Shining new light on drug design: photoactivated chemotherapy

About 11M cases of cancer are diagnosed each year and there is a pressing need for new anticancer drugs. The world’s leading anticancer drugs are platinum-based compounds such as cisplatin. These types of platinum compounds are not targeted to cancer cells and also kill healthy cells. This can result in severe side-effects and the development of resistance, so that some patients stop responding to treatment. Methods for increasing the selective activation of platinum drugs at the site of the tumour are envisaged which address these problems. We have developed new platinum-based drugs which are non-toxic in the dark, but become highly toxic when activated by light. By shining light only on the area of cancerous tissue, we can target the activation of the drug to just the selected area.
It is vital that we carry out more studies into how these drugs kill cancer cells, which will involve laboratory work and experiments to investigate if they can shrink/treat cancers. We hope that the wavelengths of light for activating these compounds make them suitable for treating surface cancers and that slight changes to the drugs will allow treatment of a wider range of cancers.

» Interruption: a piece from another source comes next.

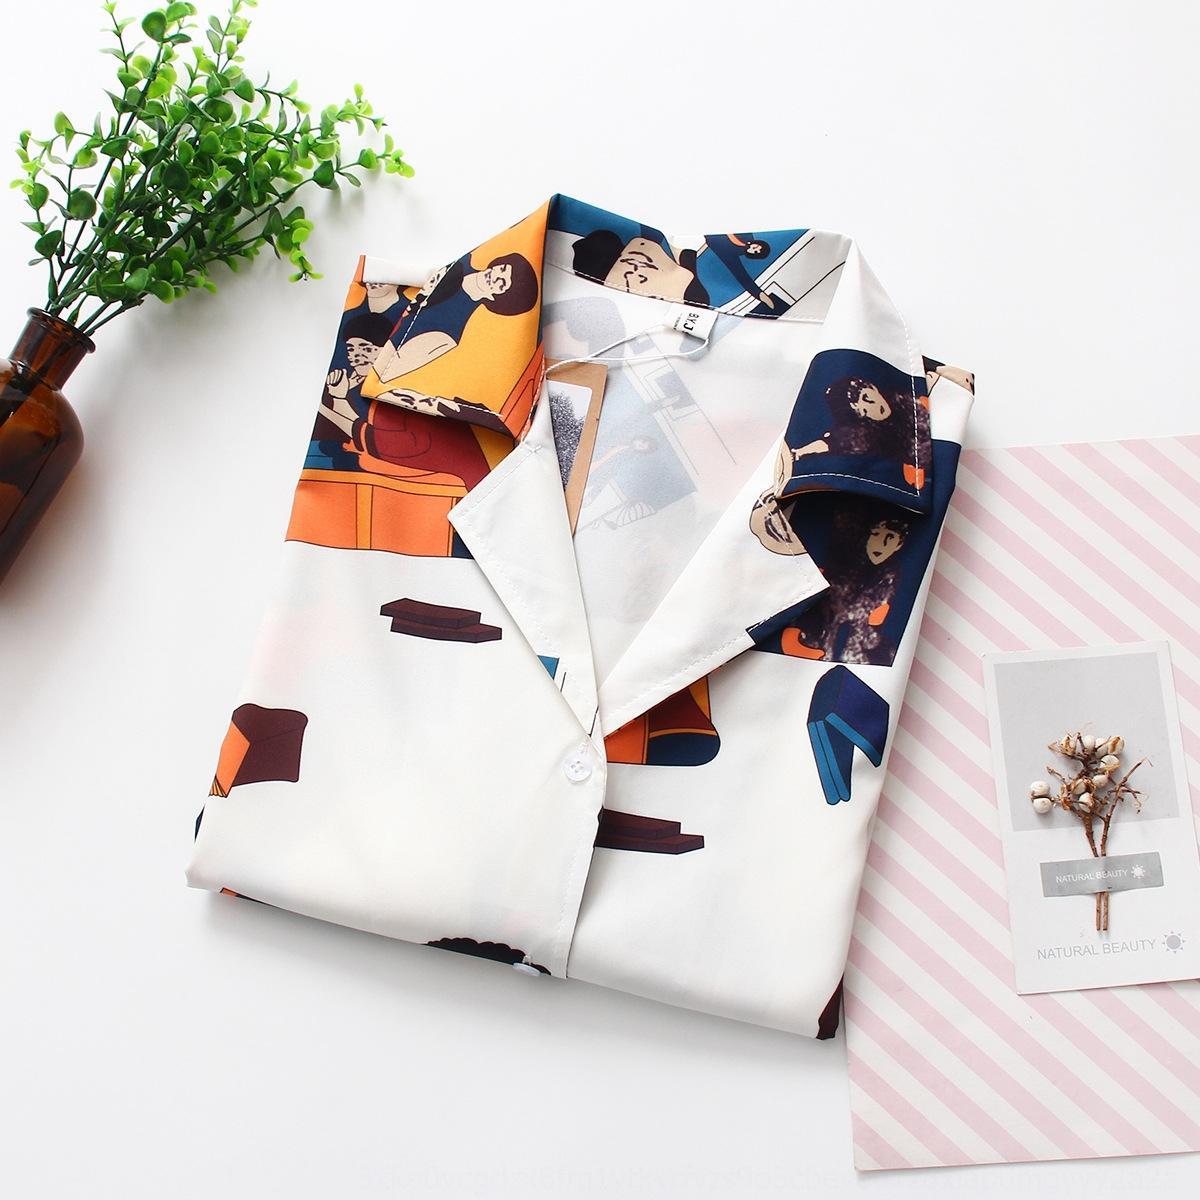 svnPh лето 2019 новую рубашку костюм носить корейский студент рукав блудниц воротник короткий стиль шифон рубашка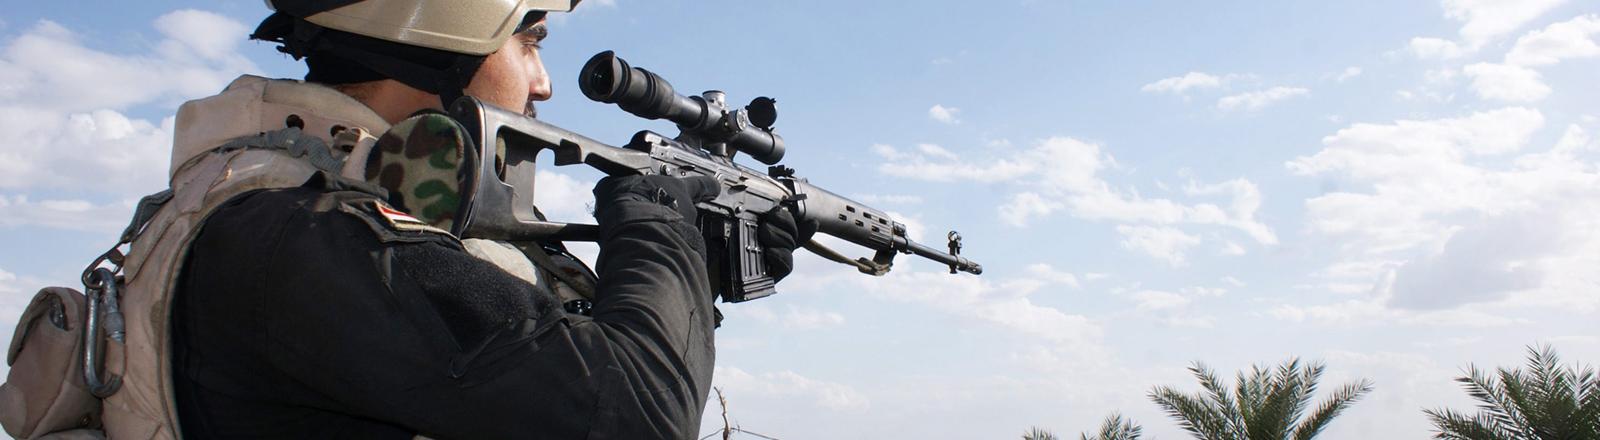 Soldat zielt mit einem Scharfschützengewehr.

With around 25 million people living with a diagnosis of cancer, new anti-cancer therapies are urgently needed. If cancer is to become a manageable disease, then these new therapies need to ensure as few side-effects as possible, and bypass the resistance mechanisms commonly seen with current treatments. In addition, treatments that could be repeated as often as required (unlike current chemotherapy or radiotherapy) would be very useful. Platinum (Pt) drugs are amongst the most successful and commonly prescribed class of anti-cancer agents (44% of 2004 market). Cisplatin and its related prodrug carboplatin have a broad spectra of anti-tumour activity. However, their use is curtailed by the serious dose-limiting side effects that are often responsible for treatment failure. These include extreme nausea and vomiting, ototoxicity and nephrotoxicity. Additionally many tumours have intrinsic or develop acquired resistance to these drugs. The side-effects of Pt drugs could be avoided if a selective activation of a Pt-prodrug could be made to take place only in the tumour tissue. Thus we have developed a series of photolabile Pt(IV) complexes that show equal or greater cytotoxicity than cisplatin tested under identical conditions in cultured tumour cells, but only when they are irradiated with UVA or blue visible light. They are relatively non-toxic in the dark. These photolabile complexes appear to kill the cells by a distinct mechanism and are not simply acting as prodrugs of cisplatin or transplatin. Moreover, they may not require oxygen (O2) for their mechanism of action, thus removing one of the limitations of current, conventional light-activated therapies. Our challenge is to develop Pt-complexes that are selectively taken up by tumour cells, and for which the wavelength of activation can be controlled, making them useful for the treatment of thin walled organs as well as thicker tumours. We also wish to demonstrate antitumour activity without an O2-dependent mechanism. Finally, we want to develop novel methods of light delivery that will optimise the therapeutic benefit of these light-activated Pt prodrugs. Thus the light-activated Pt prodrugs should combine the potent cytotoxic properties of Pt-based drugs, but with the targeting of photodynamic therapy. Success with this project will ultimately lead to more effective and less toxic therapeutics for cancer chemotherapy.